So…You’re an SE / SC Leader Looking for a New Job
- Mattie Stremic
- 22 hours ago
- 3 min read
First of all, welcome to the club. A lot of SE/SC (PreSales) leaders are exploring what’s next right now.
If you’re in that boat, it’s usually some mix of:
RIFs and reorgs
Poor product-market fit (or the company just can’t get out of its own way)
You want a new challenge
You’re tired of the politics
And here’s a reality check I wish more people said out loud:
Your network isn’t going to pay off as quickly (or as much) as you think.
Why?
Because everyone is making asks.
But also… your network (and your ability to grow it) matters more than ever.
So if you’re job searching, here’s what I recommend.
1) Expect this to take longer than you want
Not because you’re not good.

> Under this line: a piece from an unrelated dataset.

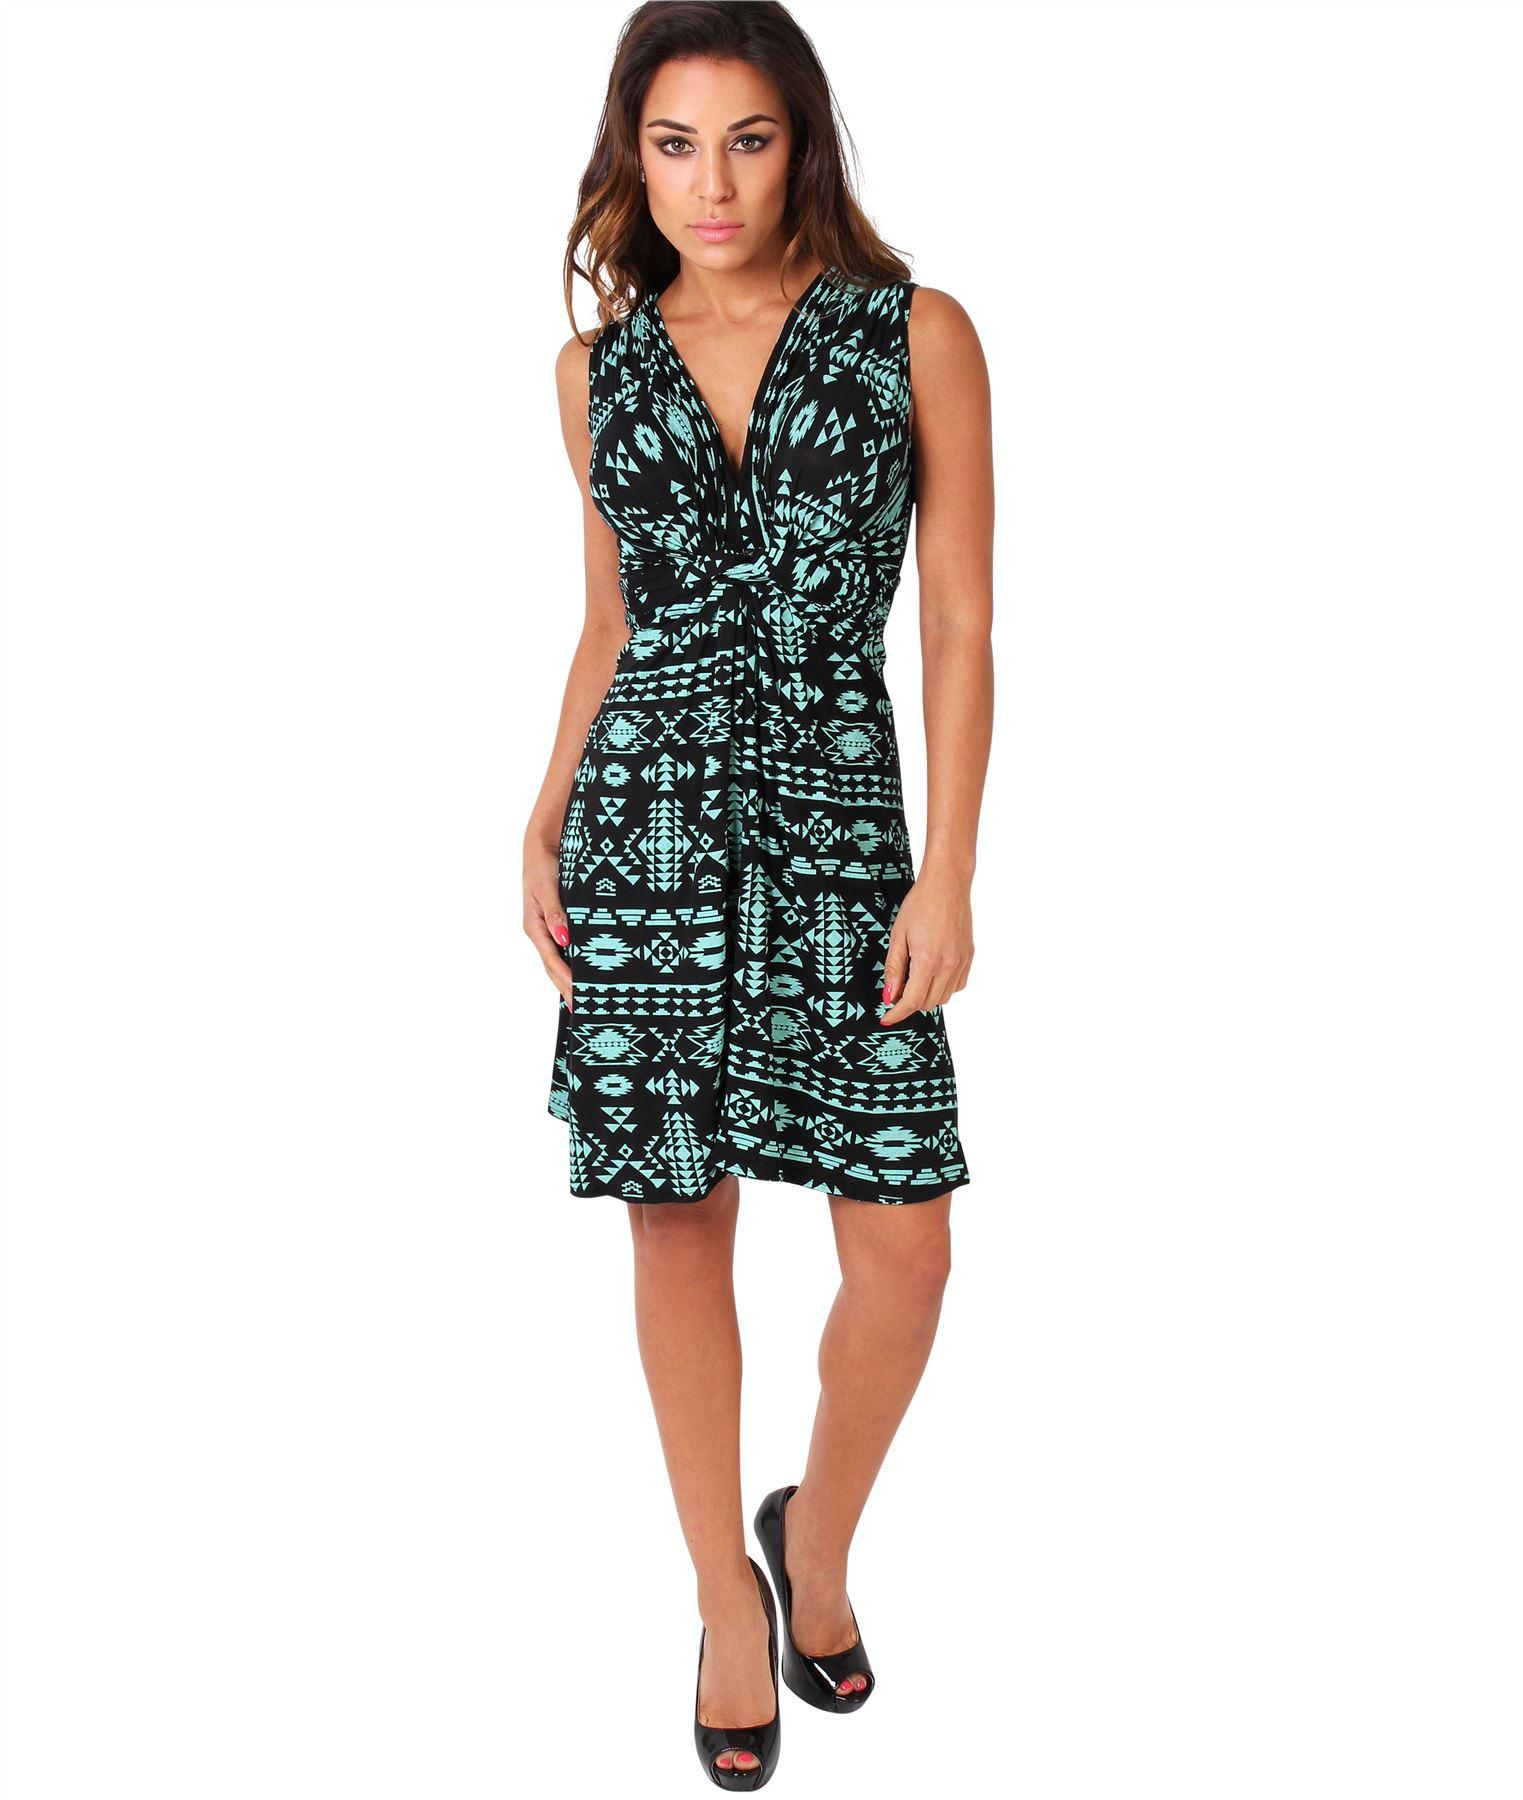 Womens-V-Neck-Mini-Dress-Small-Sizes-Short-Skirt-Tribal-Print-Front-Knot-Party thumbnail 21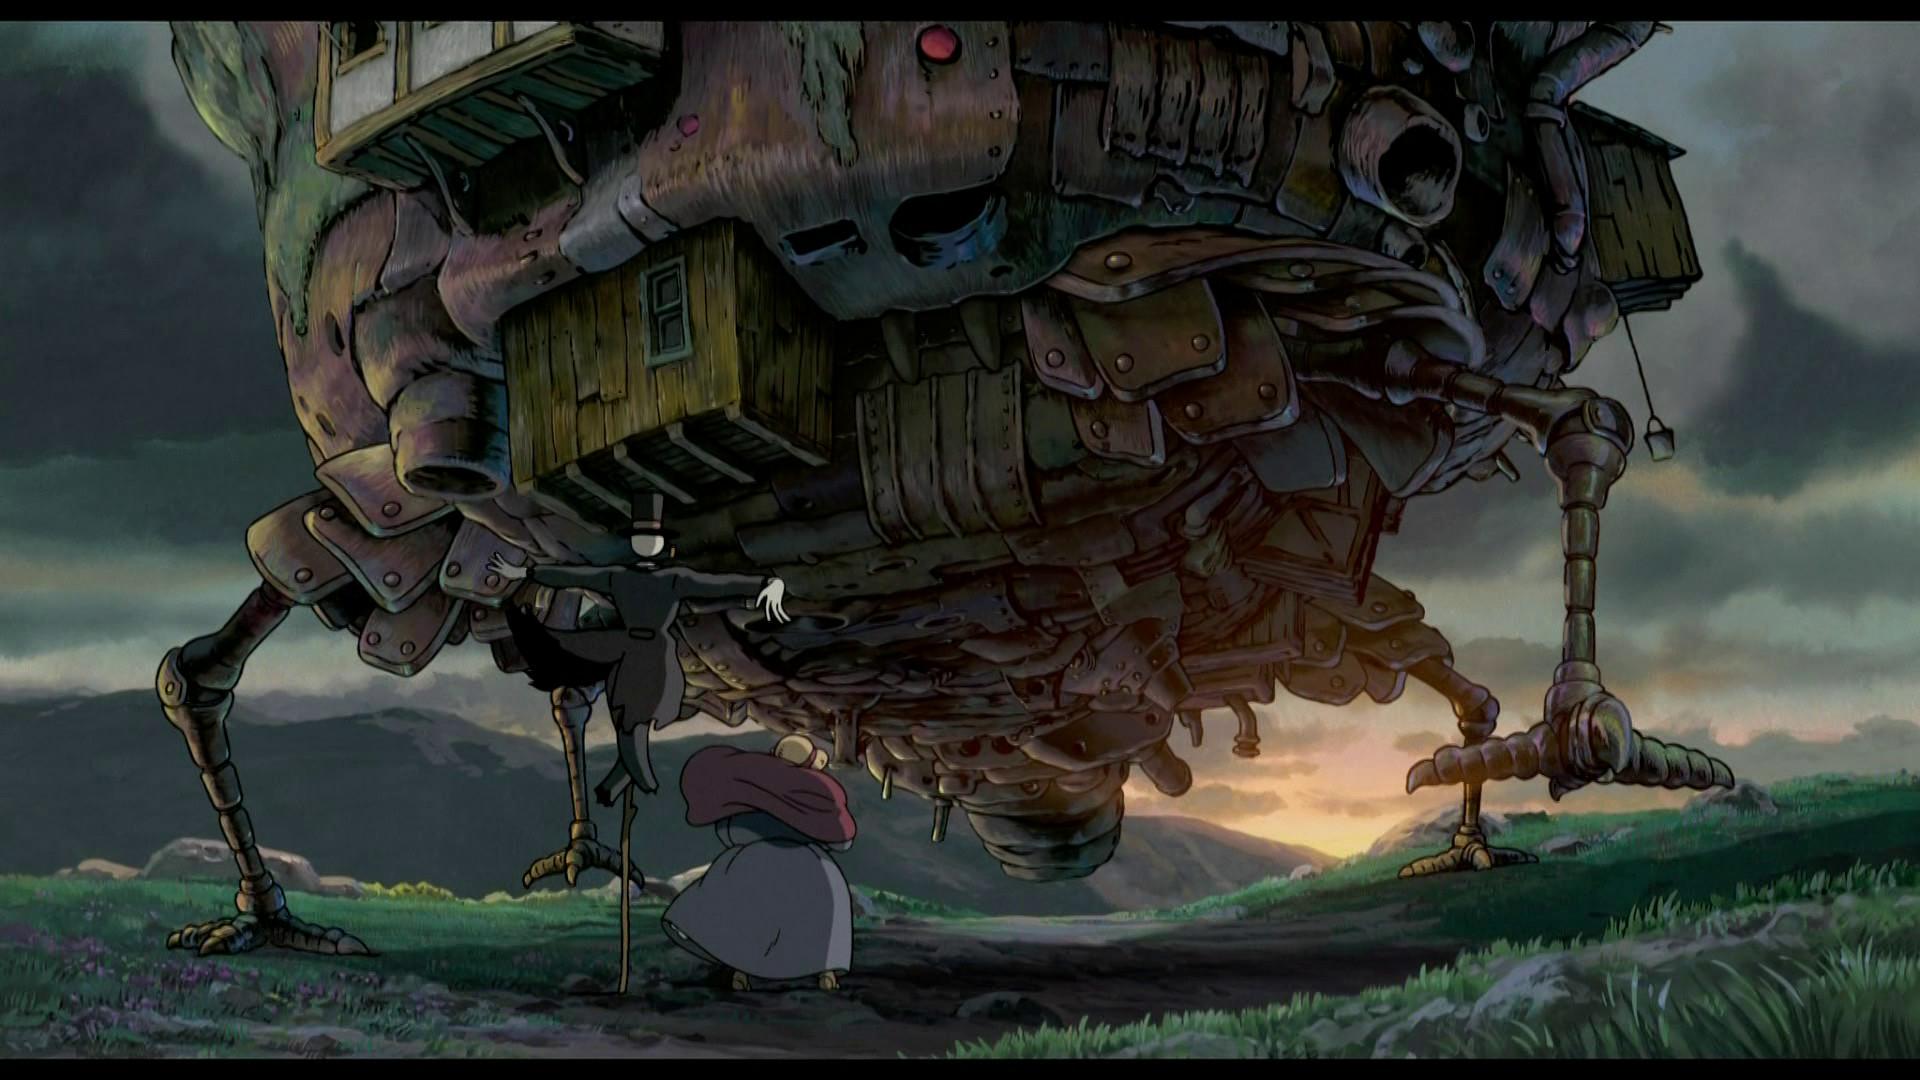 Movie – Howl's Moving Castle Wallpaper

Because the market is weird.
SE leader roles are fewer and farther between.
By the time a role is posted, there’s often already a “preferred” candidate in the mix.
Even when you’re clearly qualified, companies will move slow, pause headcount, or keep “re-evaluating” the scope.
Practical mindset shift: treat this like a pipeline problem, not a single opportunity problem.
2) Explain your scope on your resume (like you’re talking to a normal human)
Please, I’m begging you: ditch the “accomplished” and “driven” adjectives. Show them you’re both.
Instead, make it painfully obvious:
Are you a 1st line or 2nd line leader?
How big is your team?
What segments/regions do you own?
What does “good” look like in your world (enablement, hiring, deal support, GTM strategy, product feedback loop, etc.)?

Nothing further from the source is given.